Can my Pet Get Lyme Disease from Ticks?

April 8th 2019

What is Lyme disease?

Lyme disease is an inflammatory disease spread by ticks infected with the Borrelia Burgdorferi bacteria and is most commonly carried by Ixodes ticks, also known as blacklegged or deer ticks.

Deer ticks have brown and black bodies. However, when they are engorged they appear grey. Adults have 8 legs and baby ticks have six legs. They vary
between one to 20 mm in length.






 

How do pets get Lyme disease?

Pets can contract Lyme disease though a bite by a tick infected with the Borrelia bacteria.
 
Ticks are commonly found in low, moist areas, such as grassy areas or low-lying brush. They typically crawl onto your pet from the ground and attach themselves to your pet’s skin.
 

Your pet may have a tick

Check your pet routinely for ticks, especially if it has been in an area where ticks are commonly found.

Tick season is usually between May and October as a rule. However, ticks do become active as soon as the temperature rises above freezing.

The best way to discover a tick on your pet is by petting it and touching all over his or her body. Area’s mostly affected are near the ears, feet, legs and belly.

When found, remove it carefully with tweezers and submit the tick to your vet who then can have the tick checked for Borrelia.
 

Prevention is best 

There are a number of effective preventative products on the market that will prevent a tick from attaching itself to your pet. Check with your veterinarian as to which product will suit your pet the best.
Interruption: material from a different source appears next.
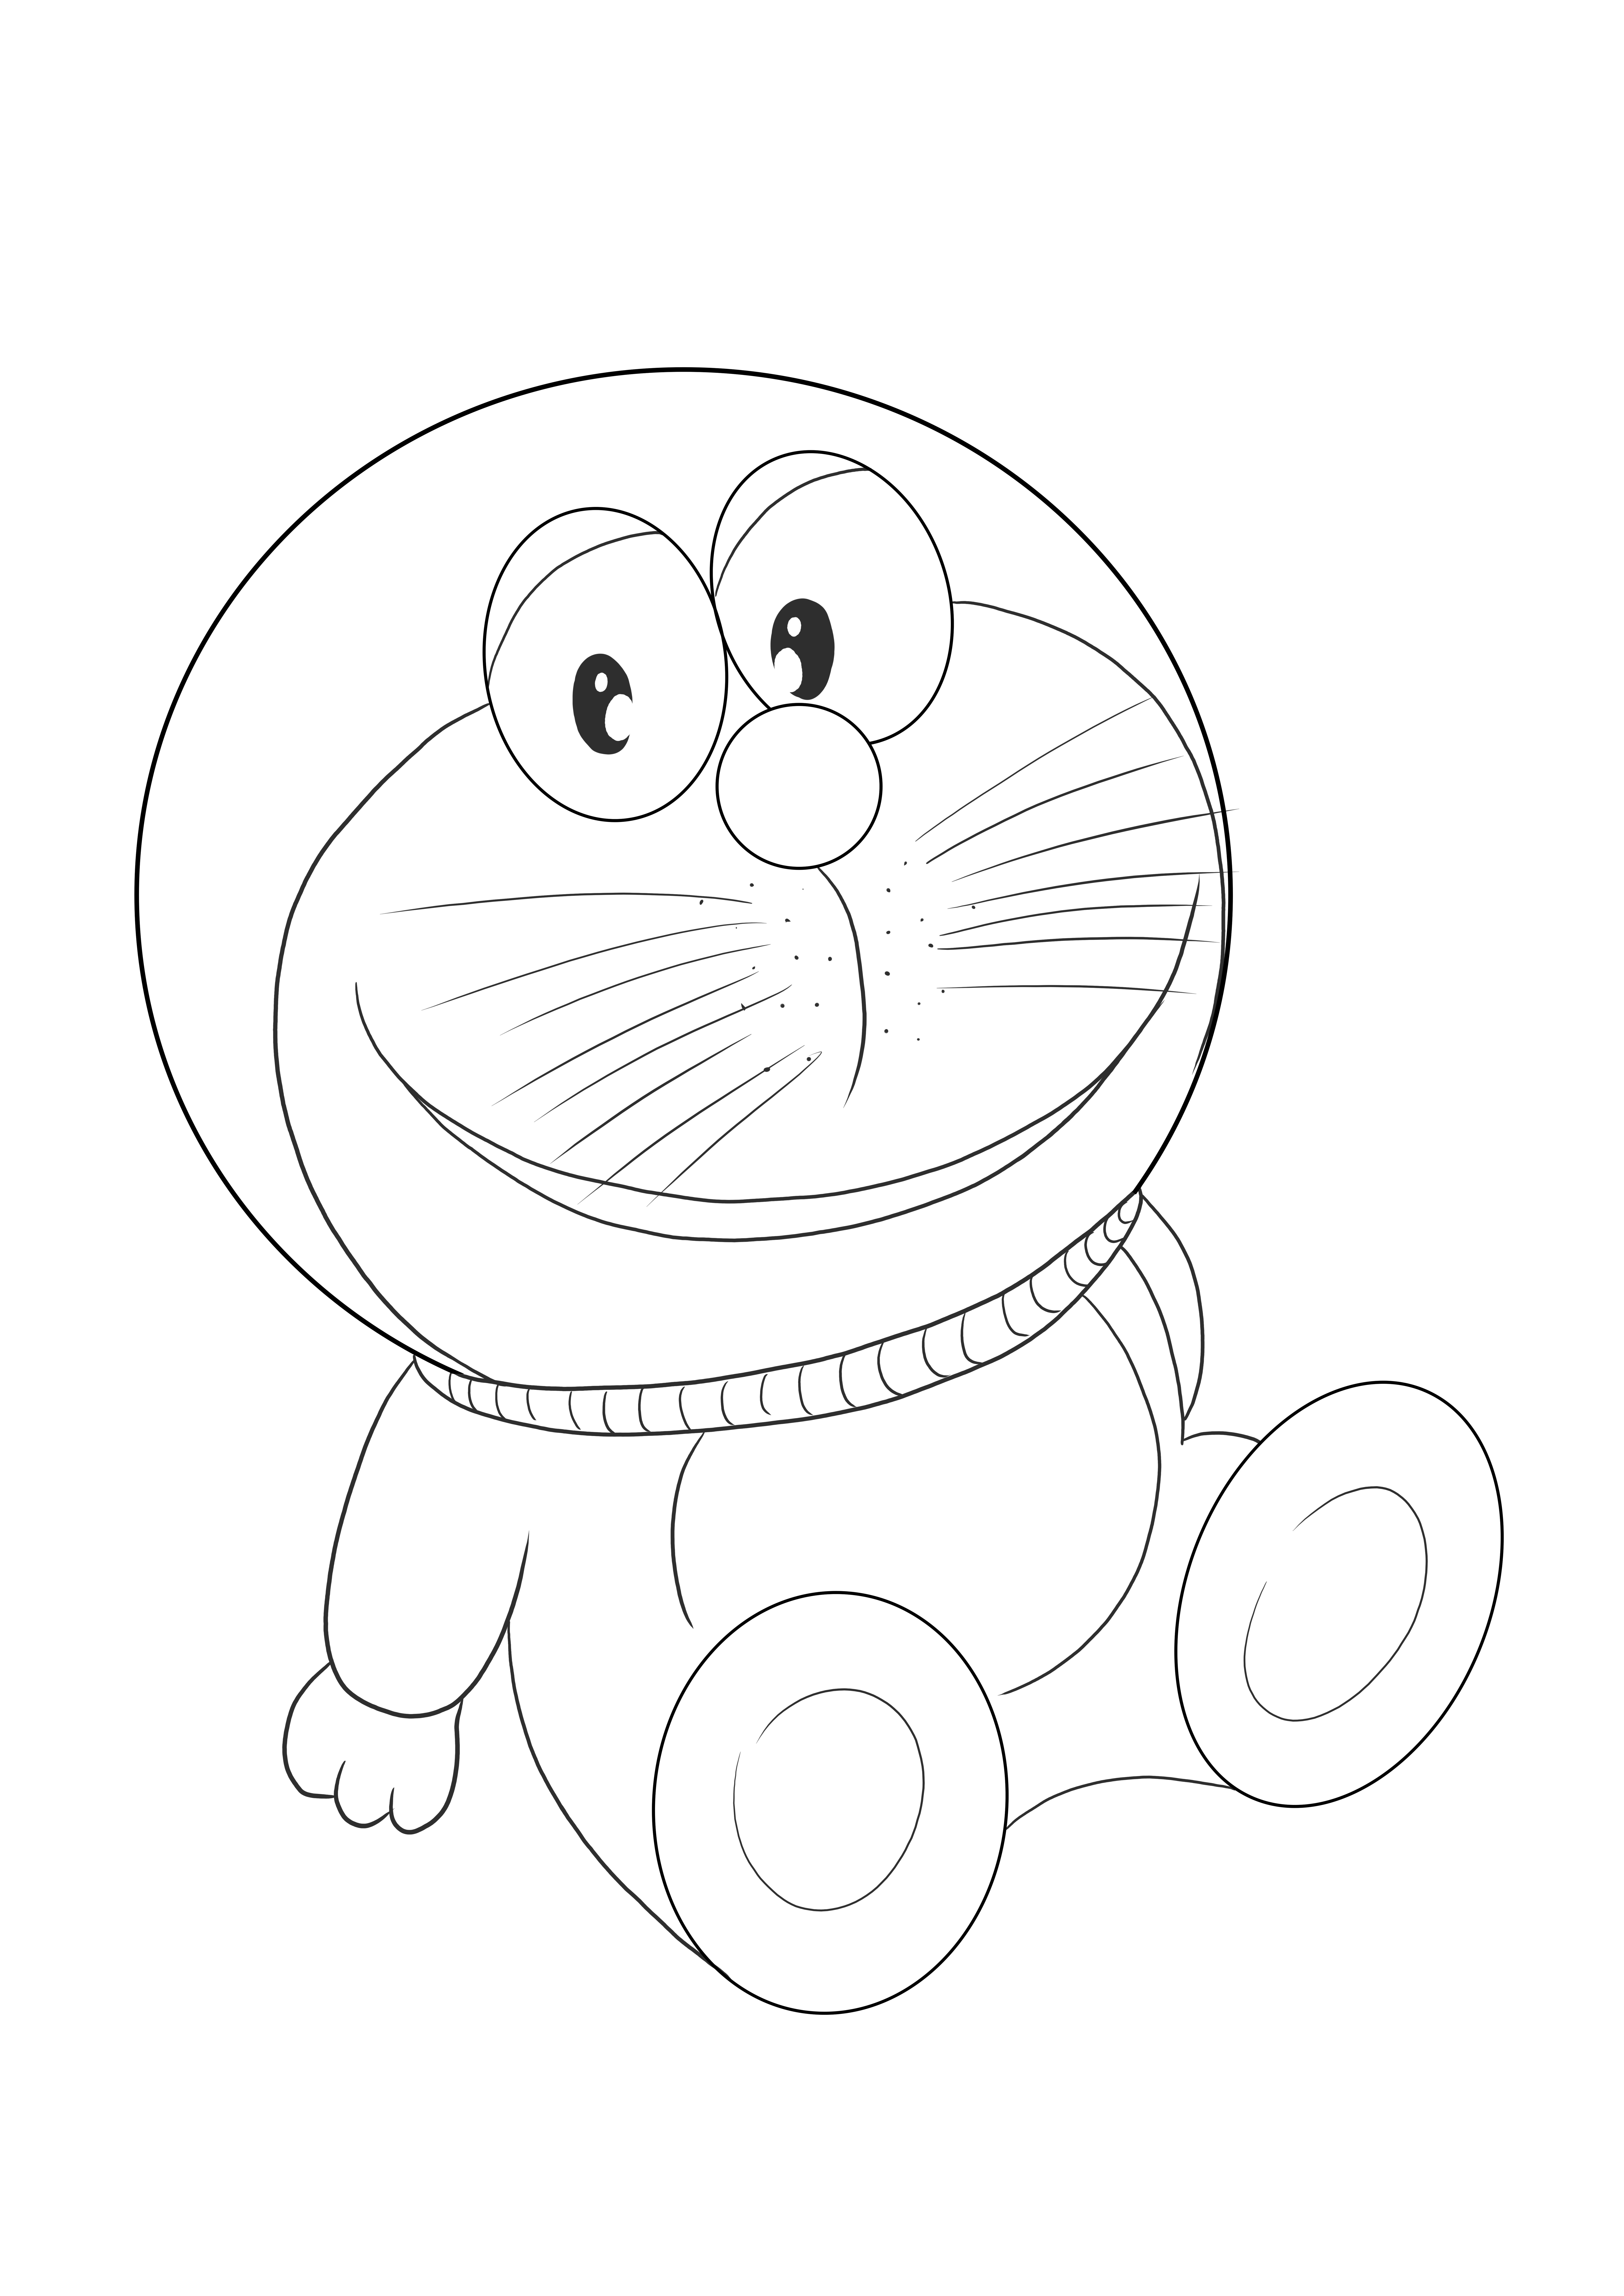 Doraemon gambar yang dapat dicetak gratis untuk diwarnai untuk anak-anak

Preventatives against ticks are generally recommended during the active life cycle of the tick.
 

How do I know if my pet has Lyme disease? 

Not all ticks carry Lyme disease and not all ticks are readily found on a pet. So the potential is there for the disease to present itself without the owner being aware that their pet may have Lyme disease. To make matters worse the symptoms of Lyme disease are quite non-specific and a diagnosis of Lyme disease is not an easy task.

Your vet can perform a blood test looking for antibodies against Lyme disease.
 

What are the symptoms of Lyme disease?

Symptoms may not occur until months after a tick bite, which makes the diagnosis of Lyme disease very difficult.
 
Symptoms to be on lookout for are:
  • Fever.
  • Loss of appetite.
  • Reduced energy.
  • Lameness (can be shifting, intermittent, and recurring)
  • Generalized stiffness, discomfort, or pain.
  • Swelling of joints.
  • Sometimes severe life threatening kidney disease

Do ticks carry Lyme disease in Alberta? 

  • In 2017 the Alberta Agriculture and Forestry’s Surveillance of Ticks on Companion Animals program received 1,942 ticks from 1,356 host companion animals

  •  Almost 80% of ticks submitted between April and July. The majority of the ticks (89 percent) were found on dogs and the remainder were found on cats, cows, horses rabbits, etc...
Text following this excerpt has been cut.